The laundry can wait, the dishes will get done…the list goes on and on… but for now the kids can sleep in my bed as long as they want, or climb all over me while I’m trying to work from home, tugging and yelling, “mama, mama look at this” and I’ll stop and look because it’s one more opportunity for me to hold them tighter, savor the smell of their skin, count their freckles, and kiss their little cherub cheeks because now I’m completely aware that I GET to.
Don’t get me wrong, the stresses of daily life still affect me, and things are far from perfect. I still lose my cool, get frustrated at my kids, and yell and cry when I’m feeling burned out.
Cancer didn’t make the “messy” disappear—as a matter of fact, it illuminated the mess so much more. Now there is this beaming spotlight on just how much I took for granted every day, how much emphasis I put on the wrong things.
Life is forever changed.
Next month, my daughter will be declared in “remission” for one full year.
Sometimes I feel more lost than I did when we were in the trenches of treatment. Life is forever changed. I don’t even know what normal means anymore, but you know what? Cheers to creating a new normal one day at a time, because it’s literally all we’ve got and what we GET to do!
An author once said, “Celebration brings joy into life, and joy makes us strong.”

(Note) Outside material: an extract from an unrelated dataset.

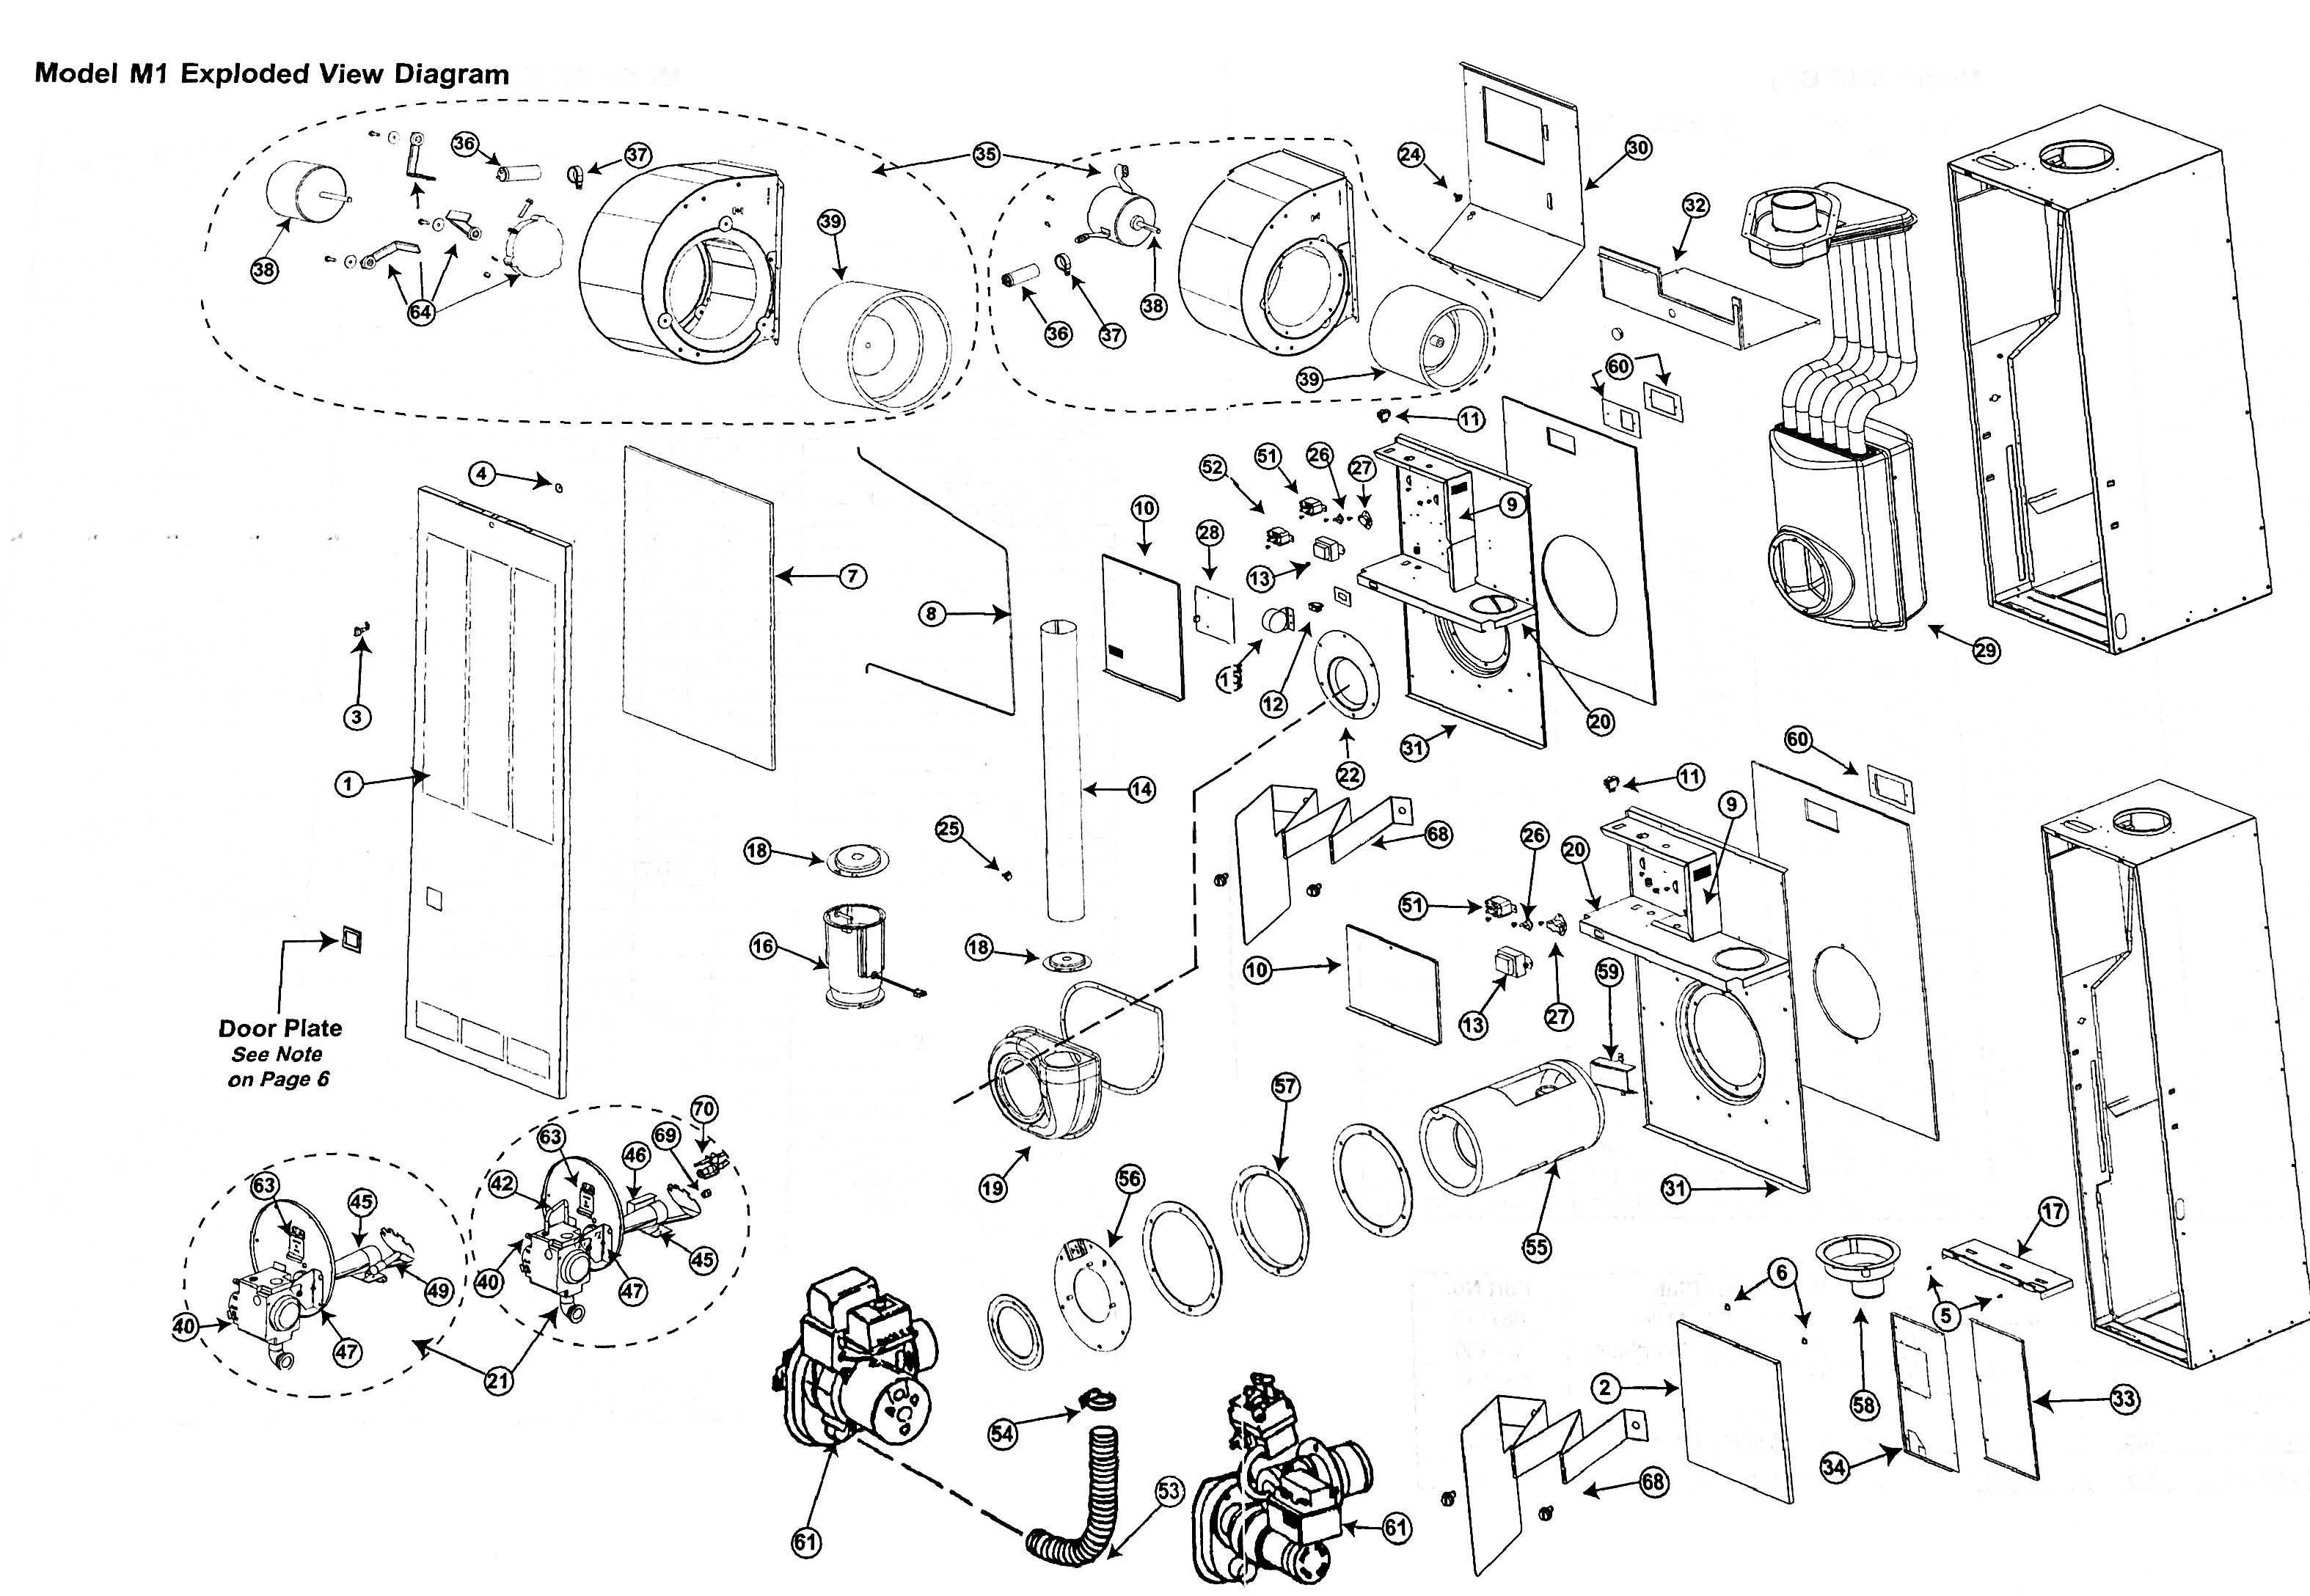 Gas Log Valve Wiring Diagram - Auto Electrical Wiring Diagram J Plssm Wiring Diagram on

Because of the hope given to my family I was able to see the joy in this journey. But what if we were able to see joy in the thousand tiny things we get to celebrate daily? If we celebrated the small, we would experience more joy. And that joy could make us strong.
I urge you to see the joy that will come in the morning. I promise you—it is there.
Roc Solid gives so much more than blue backpacks and playsets. Cancer may be unpredictable, but HOPE, hope is guaranteed.